The Real News Network has a 3 part series that begins with the interview titled Krugman is Wrong About the Market and Hot Money – Flassbeck (1/3) .
For most of the interview it is hard to see what was wrong with the quotes of Krugman cited in the beginning. As they kept talking, I kept thinking, “Isn’t this what Krugman said?” Toward the end, you finally get to hear the complaint about Krugman.
FLASSBECK: Yeah, that’s one thing, that’s one factor that’s very important. But, as I said before, it’s not only the U.S. We have zero interest rates in Japan. When the U.S. still had higher interest rate, the hedge funds went through Japan, borrowed money in Japan, and carried it to Brazil and other countries. So it’s always–there’s always a low interest rate country. Or it was done through Switzerland. So it’s not important how it is done.
But the crucial thing in here–I fully disagree with Paul Krugman. Paul Krugman said, you had capital controls in the ’50s and the ’60s under the Bretton Woods system. That’s true, but that’s not the whole truth. The much more important thing is that we didn’t have flexible exchange rates. We have flexible exchange rates, and these flexible exchange rates, with these huge flows of money, of hot money, are going in the wrong direction, they’re going definitely the wrong direction, because countries with a rather high inflation rate, like Turkey or Brazil, get an appreciation of their currencies, and everybody knows that’s absolutely untenable. Every good economic textbook will tell you that the country with the high inflation needs a depreciation. But the flexible exchange rate, the markets, the markets are doing exactly the wrong thing. And Krugman also is shying away from saying this very clearly. And this is the problem.
We had attempts in 2011 in the G20 to talk about a new monetary system, but everybody is shying away from touching this hot issue. This is the hot issue. The markets get the prices wrong. And this has to be addressed head-on. And that means you need intervention, international intervention into the market to avoid the misalignment in the first round, the misalignment driven by the market.

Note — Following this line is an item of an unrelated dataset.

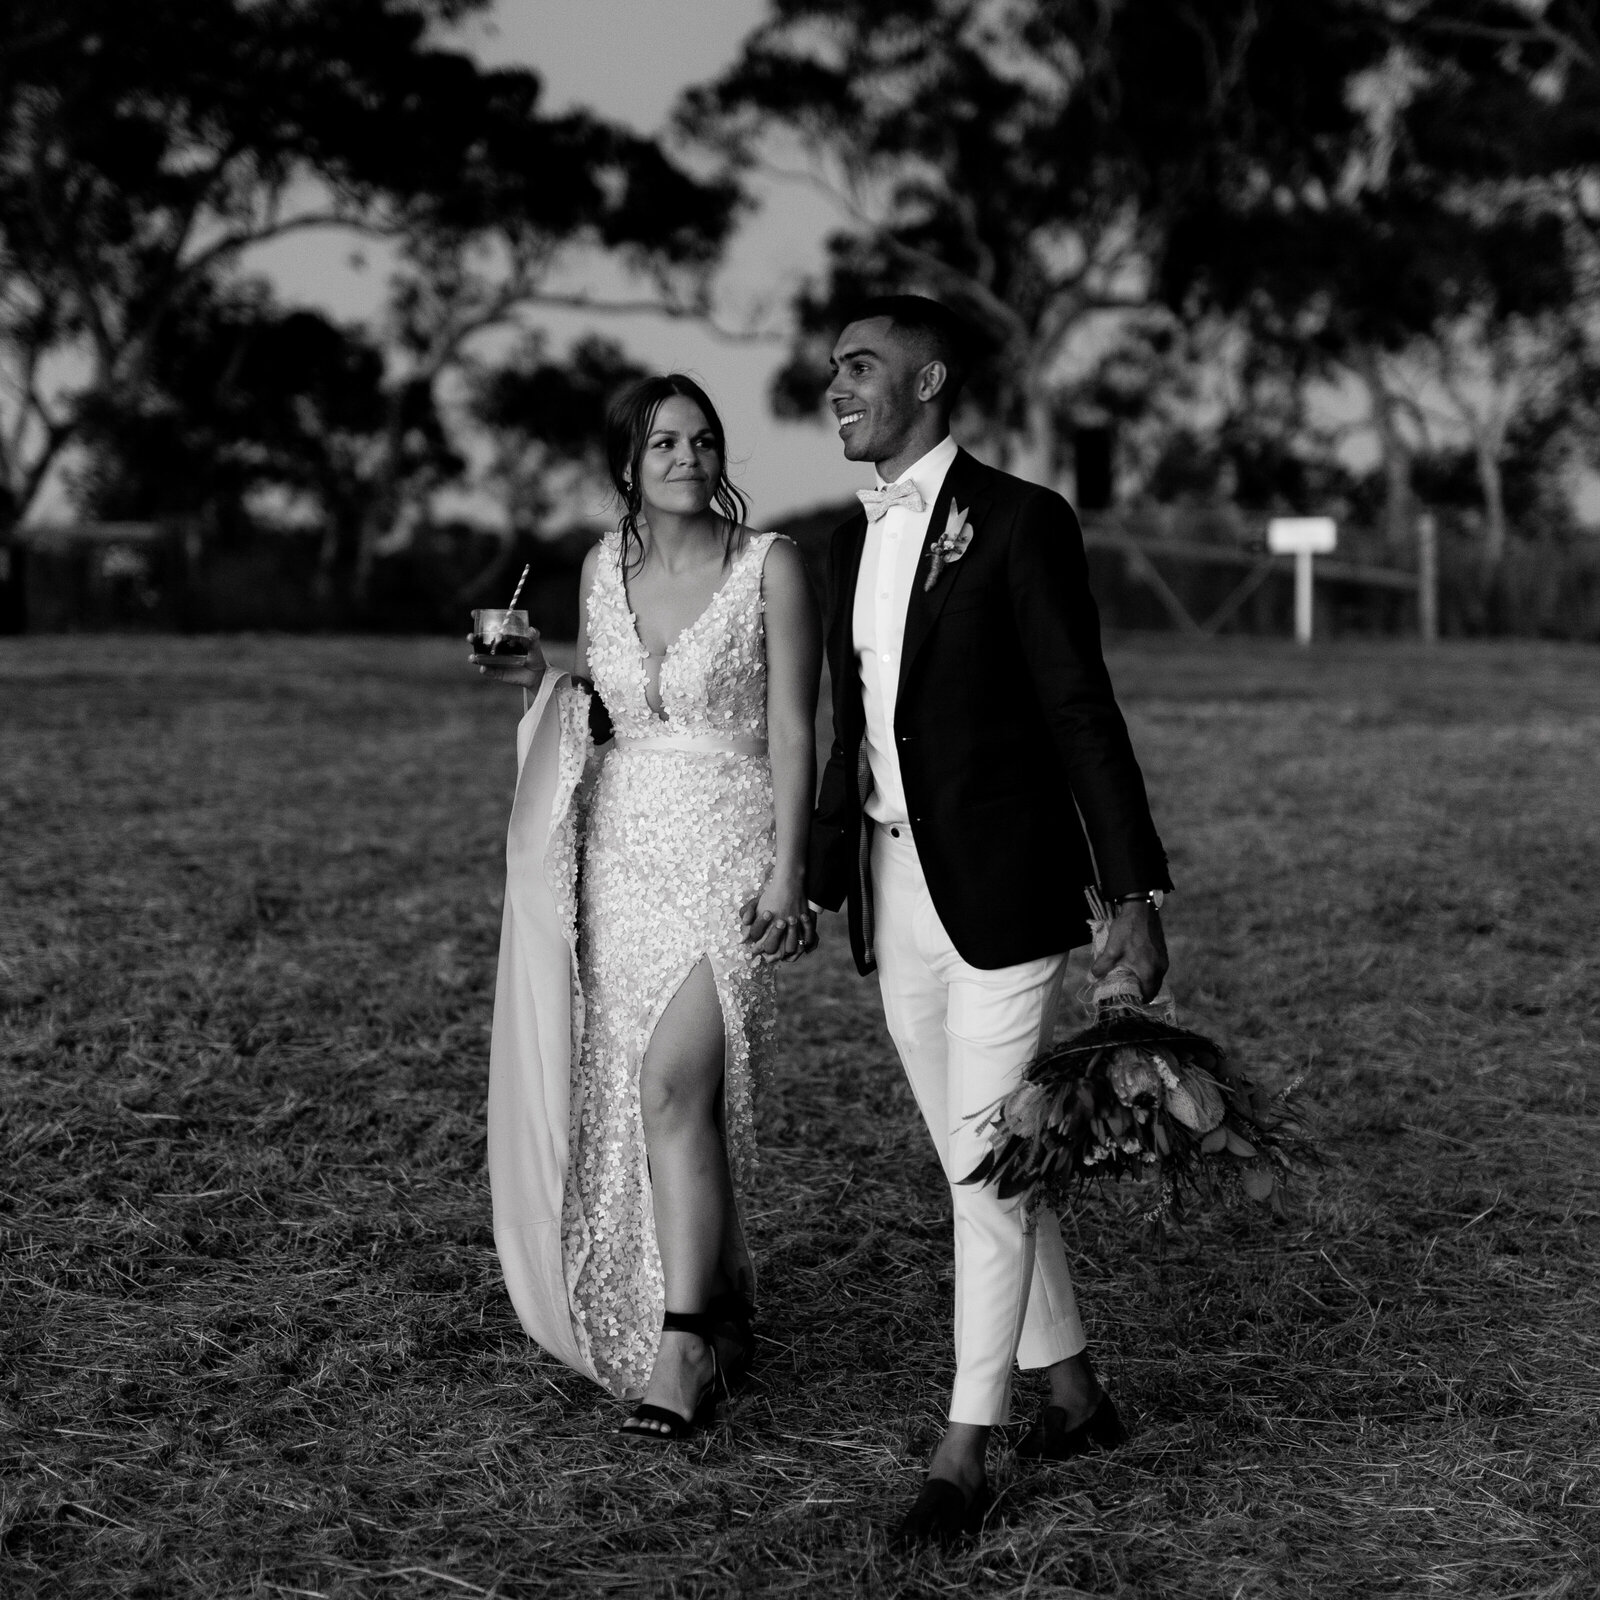 Chloe-Benny-Rexvil-Photography-Adelaide-Wedding-Photographer-496

You’ll have to listen to the interview or read the transcript to see the parts that I have left out. The interviewee does hint at some solutions that will be discussed in the other parts of the interview.
I haven’t seen the other two episodes yet to see if this question is answered.
How can the markets be wrong? The people who are driving the market in the direction it is going are making huge profits. So the market is right, and it is always right in the short term. Well, right insofar as what individuals are capable of doing when they all make decisions that are rational for themselves individually. What the individuals in the market and the market as a whole are incapable of doing is making decisions that are right holistically for the society including the factors that are outside the market. The society includes the individuals in the market, but, as I have said, the holistic actins are not actions that individuals can take.